C# and underscores
TL;DR
- an underscore in c# is a variable that you do not care about; they are called discards
- an underscore is a digit separator
Underscores as discards
Shane Rounce
So if you see code like this:
var (_, _, _, pop1, _, pop2) = QueryCityDataForYears("New York City", 1960, 2010);
The 1st, 2nd, 3rd & 5th values of the returned tuple; we don't care about.
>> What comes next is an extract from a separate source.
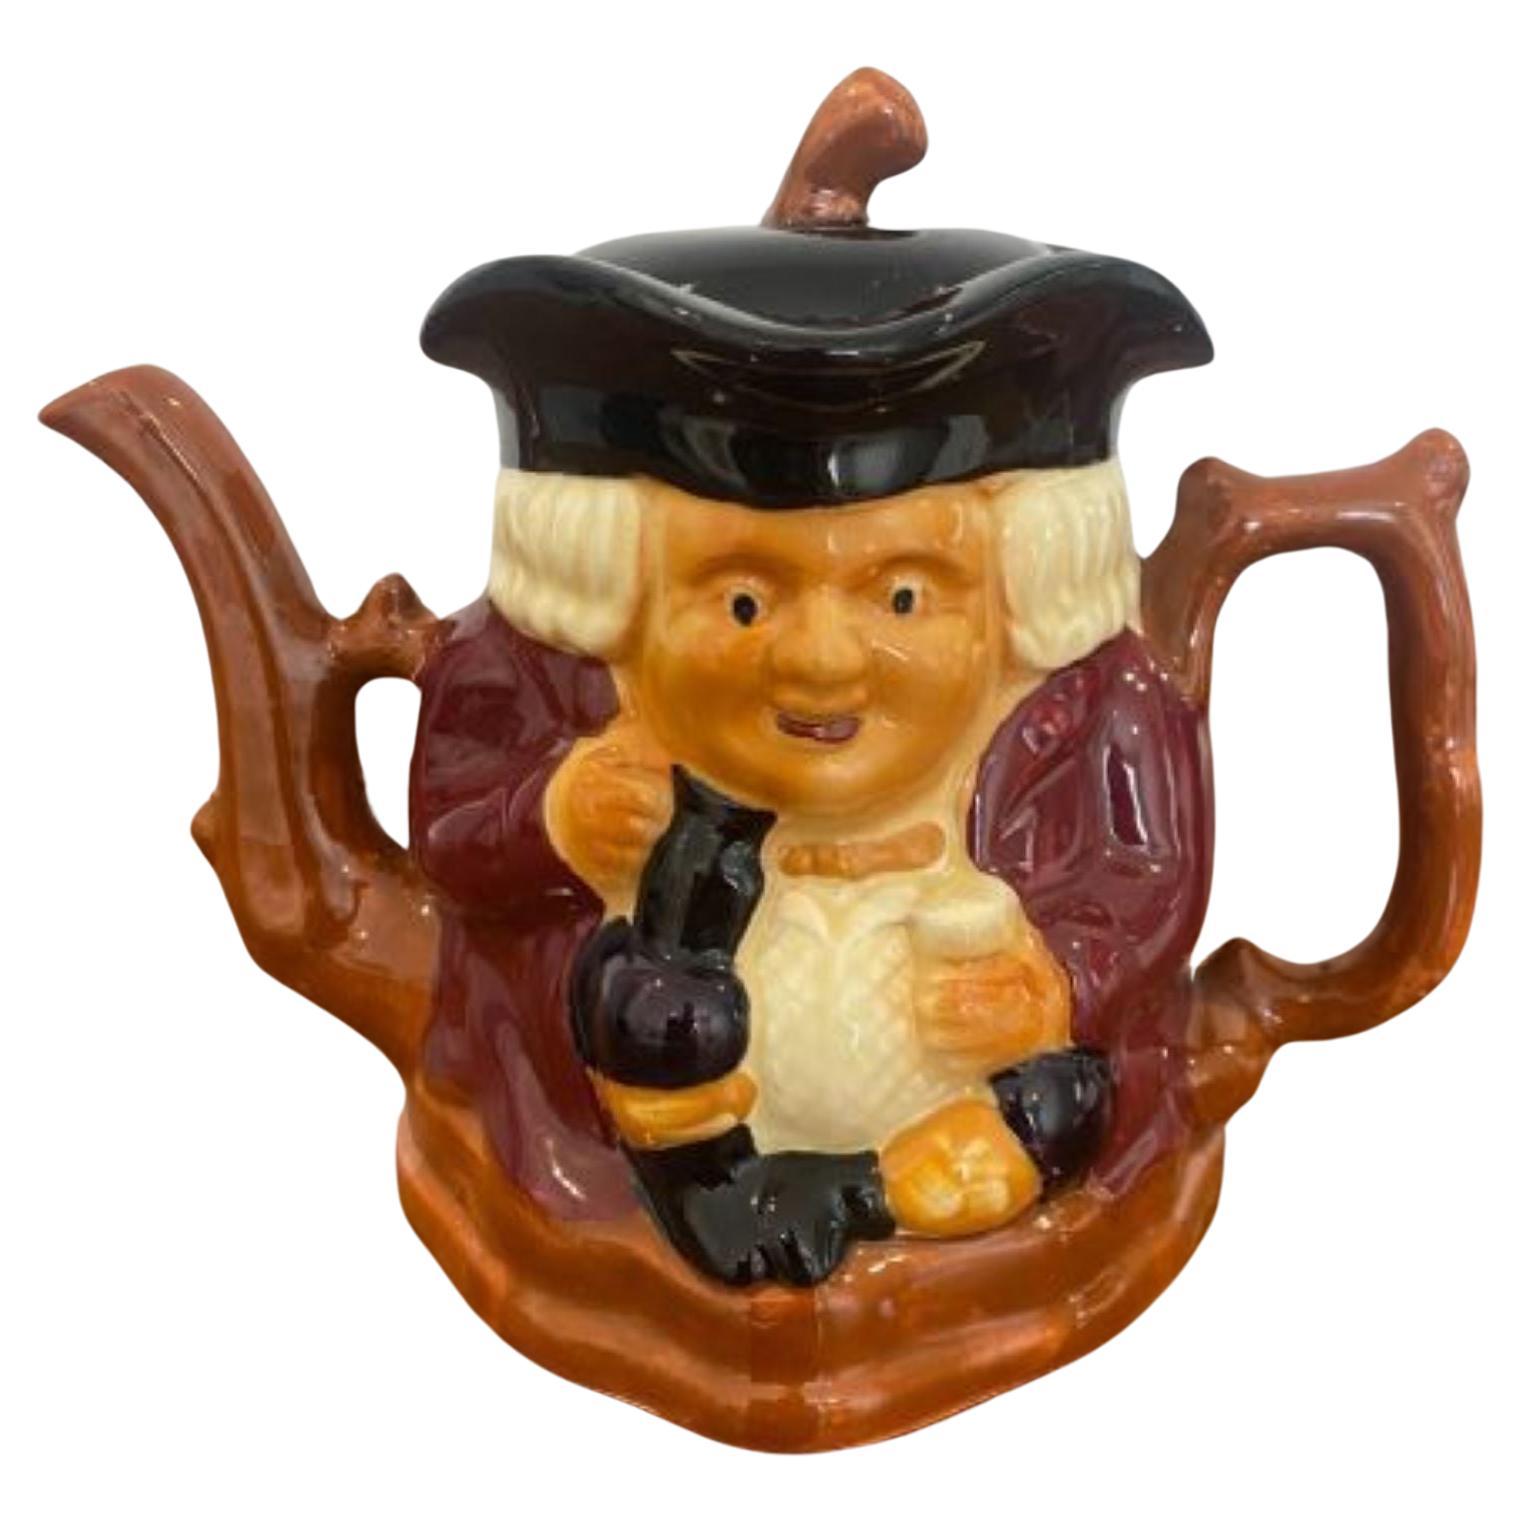 Unusual Antique Edwardian Toby Jug Teapot For Sale

Discards were introduced in c# 7.0
This example is from: https://docs.microsoft.com/en-gb/dotnet/csharp/whats-new/csharp-7?WT.mc_id=ondotnet-c9-cxa#discards
Discard refs:
- https://channel9.msdn.com/Shows/On-NET/CSharp-Language-Highlights-Discards
- https://docs.microsoft.com/en-gb/dotnet/csharp/discards
- https://docs.microsoft.com/en-gb/dotnet/csharp/whats-new/csharp-7?WT.mc_id=ondotnet-c9-cxa#discards
Underscore as a number separator
Simon Rae
Or more formally ‘digit separator’… again as of c#7 an underscore can also be used when assigning a numeric value. It is syntactic sugar
int distanceToMoon = 384_400; // same as int distanceToMoon = 384400
Just makes it easier to read
NB. this represents UK number styling.